Performance Improvement of Formamidinium‐Based Perovskite Photodetector by Solution‐Processed C8‐BTBT Modification

Abstract Organic–inorganic hybrid perovskite has attracted extensive research due to its excellent optoelectronic properties and is a competitive candidate material for a new generation of photodetectors. However, lateral structure photodetectors based only on perovskite active materials still present moderate performance and poor stability. Herein, lateral structure formamidinium‐based perovskite FA 0.9 Cs 0.1 PbI 3 photodetectors are reported which are modified by a solution‐processed organic semiconductor 2,7‐dioctyl[1]benzothieno[3,2‐b][1]benzothiophene (C8‐BTBT) layer for improved photosensitive performance and ambient/flexibility stability. High‐mobility organic semiconductor C8‐BTBT serves as an efficient hole transport layer that fills the grain boundaries and gaps of the FA 0.9 Cs 0.1 PbI 3 film, enabling rapid extraction and transport of the photo‐generated carriers from the perovskite to the electrodes, resulting in enhanced photosensitive performance of the photodetector.

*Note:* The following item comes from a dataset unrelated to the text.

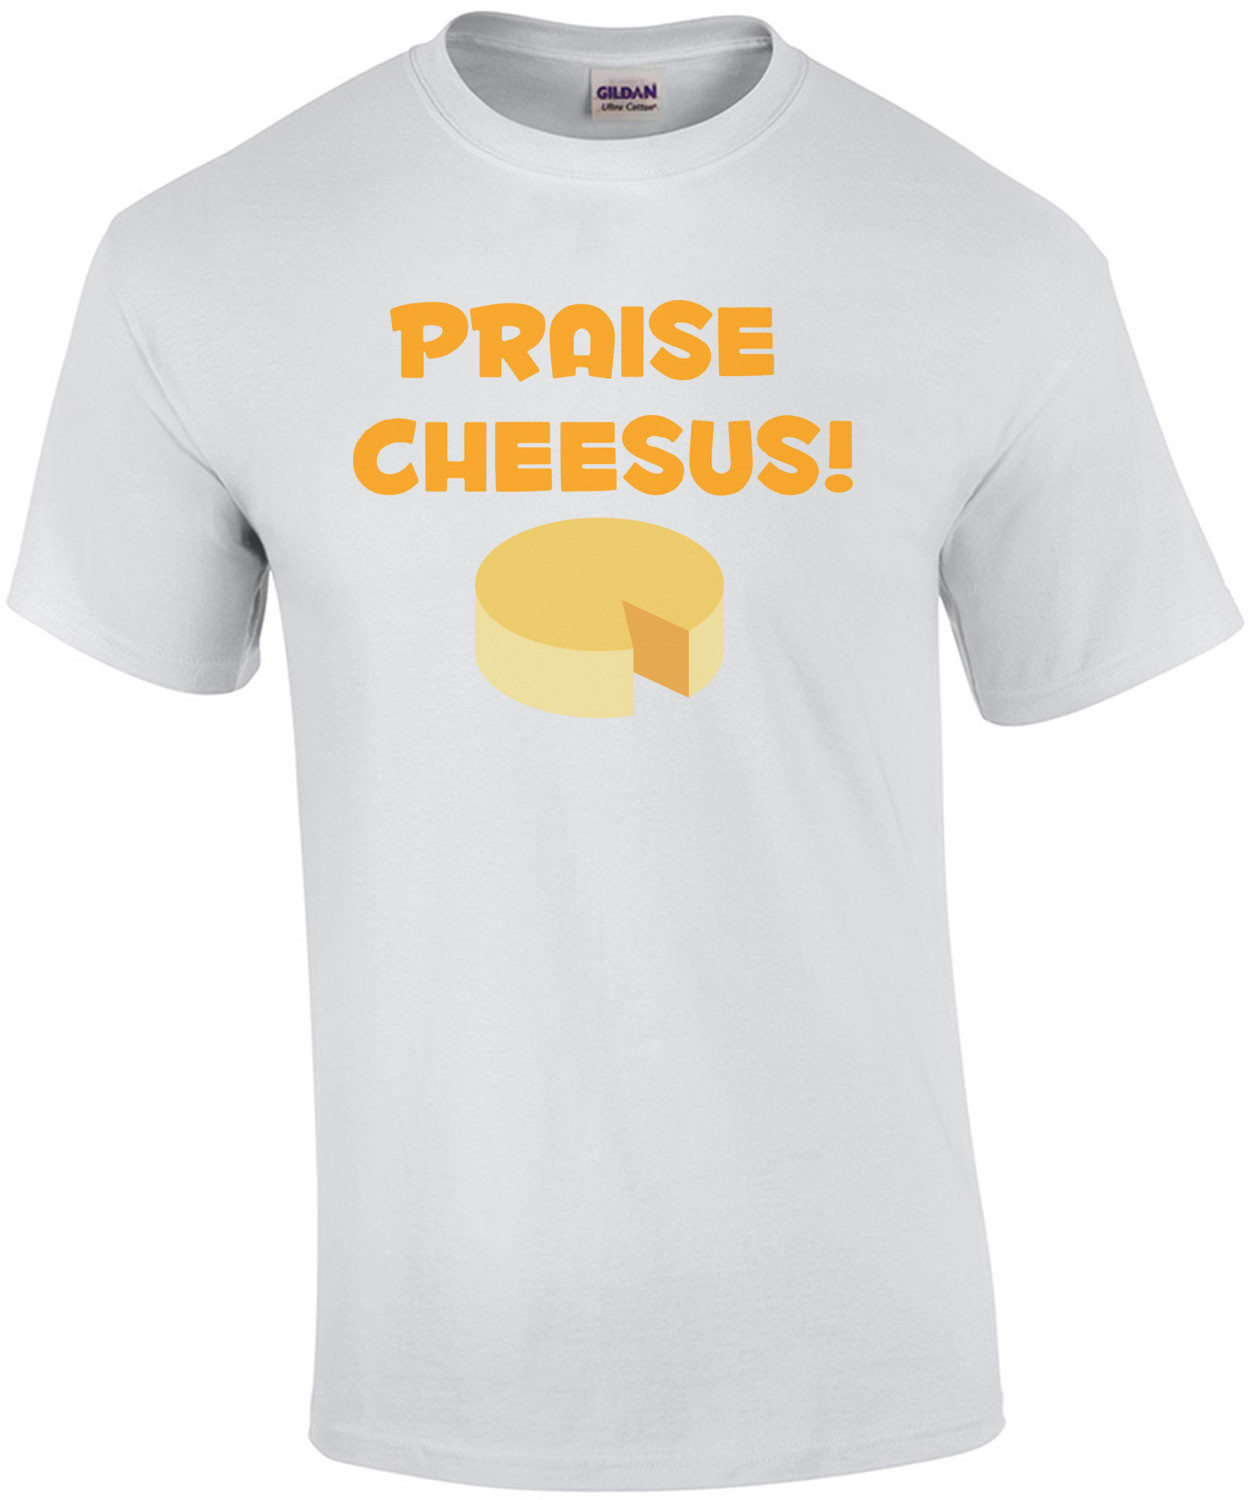 Praise Cheesus - Funny t-shirt

Compared with the original device, the C8‐BTBT‐modified photodetector exhibits dramatically improved performance with a best responsivity of 1278 mA W −1 , specific detectivity of 1.58 × 10 12 Jones, external quantum efficiency of 298%, and fall time of 14.09 ms, which is 10.84 times less than 152.76 ms of the pure perovskite device. Moreover, the C8‐BTBT film acts as a protective layer for the FA 0.9 Cs 0.1 PbI 3 film because of its good air stability and effective coverage, which significantly improves the ambient stability of the perovskite photodetector compared with the original device, increasing photocurrent retention from 2.5% to 61.5% or 81.5% at different humidity after 6 days. Furthermore, the C8‐BTBT‐modified perovskite photodetector exhibits outstanding flexibility performance, with only a 5% reduction in photocurrent under bending and almost no change after 200 bending cycles, while those of the pristine perovskite device have degraded to ≈80% and ≈75% under the same conditions, respectively. This study provides a facile and effective solution‐processed‐based strategy for constructing high‐performance and stable perovskite photodetectors.